# Exercise objective:
Copy word for word the lines of the records below, beginning at the one with "Isabel Marant Marant" and finishing at the one with "Guide de randonnées", ends included, but none of the pictures.

START Supplied data

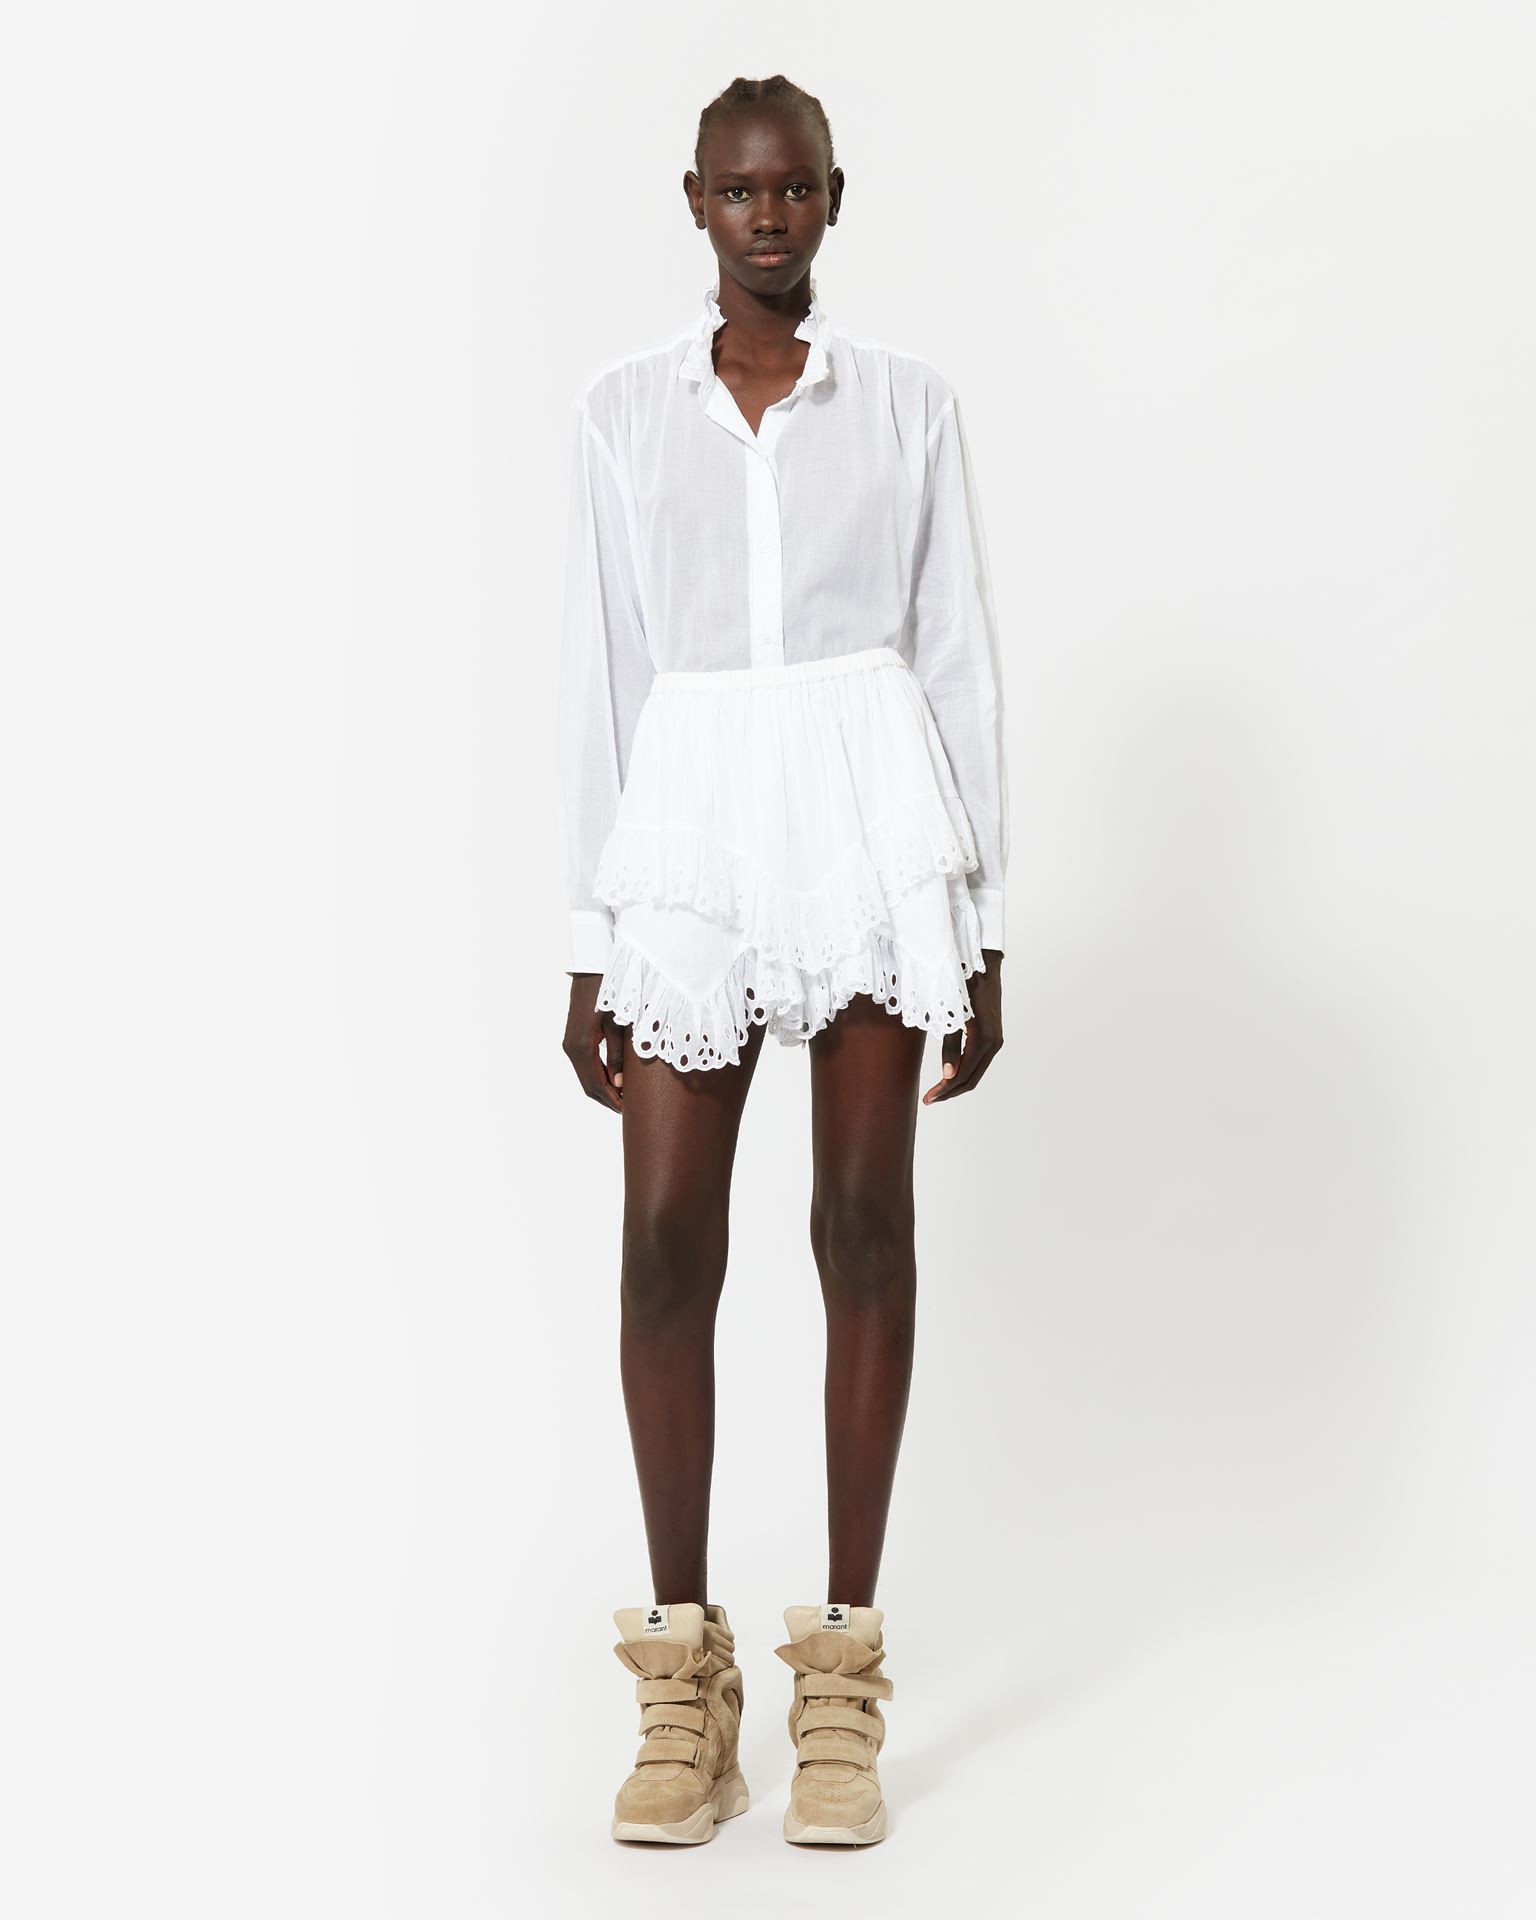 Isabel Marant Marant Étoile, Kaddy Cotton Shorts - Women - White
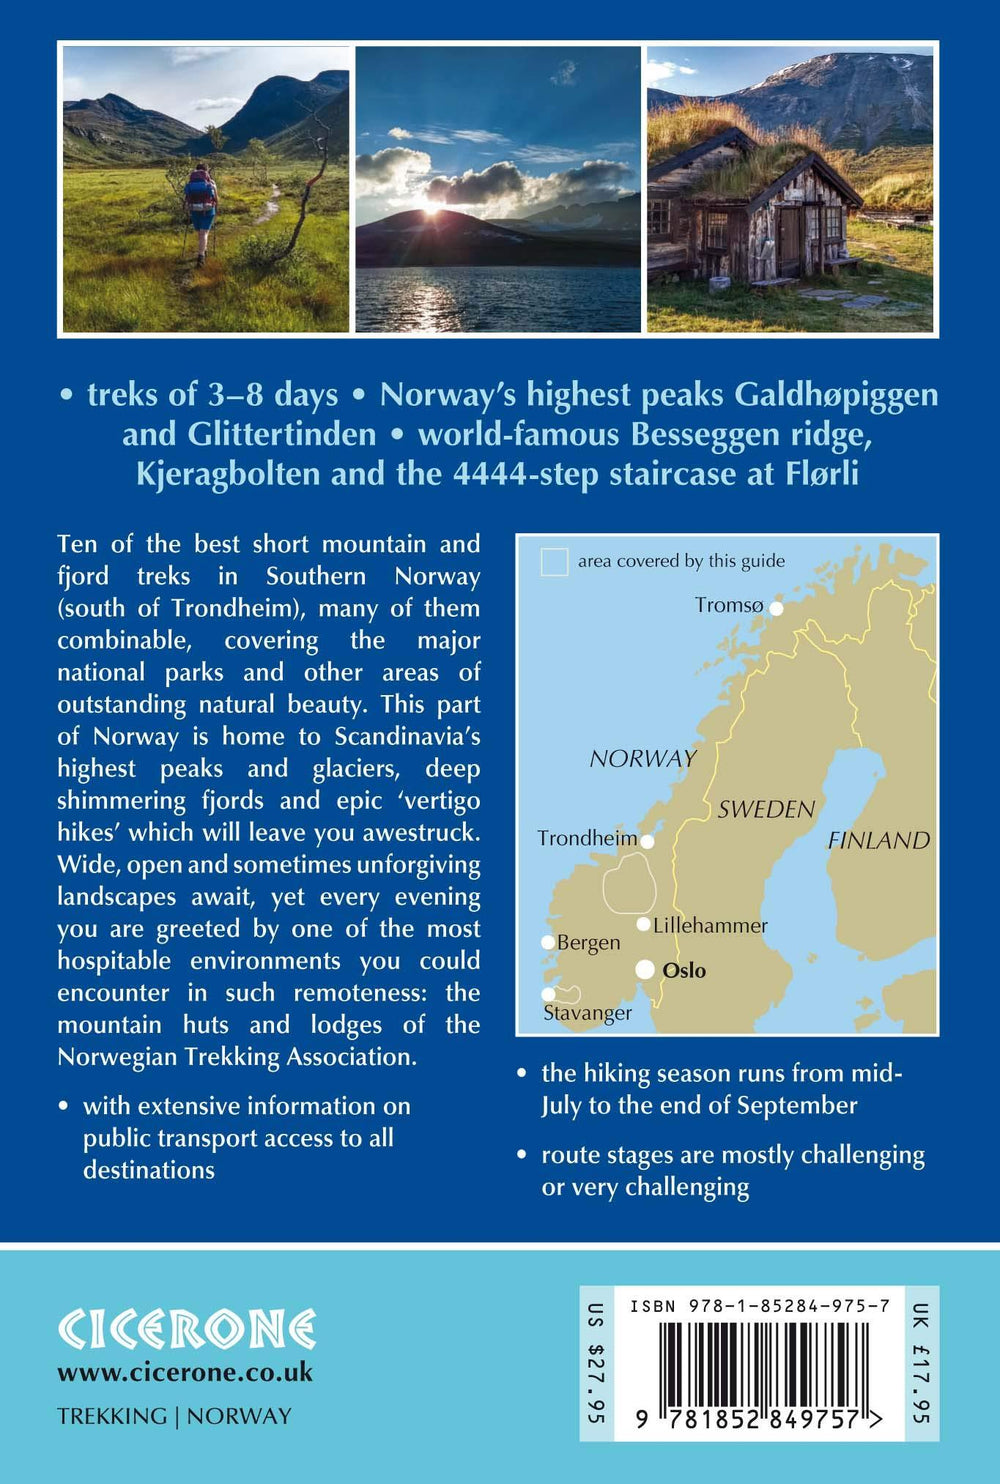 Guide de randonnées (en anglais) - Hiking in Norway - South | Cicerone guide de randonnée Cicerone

END Supplied data
START Supplied data

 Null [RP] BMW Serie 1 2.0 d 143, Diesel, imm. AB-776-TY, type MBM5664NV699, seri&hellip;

END Supplied data

# Response area:
 Isabel Marant Marant Étoile, Kaddy Cotton Shorts - Women - White
 Guide de randonnées (en anglais) - Hiking in Norway - South | Cicerone guide de randonnée Cicerone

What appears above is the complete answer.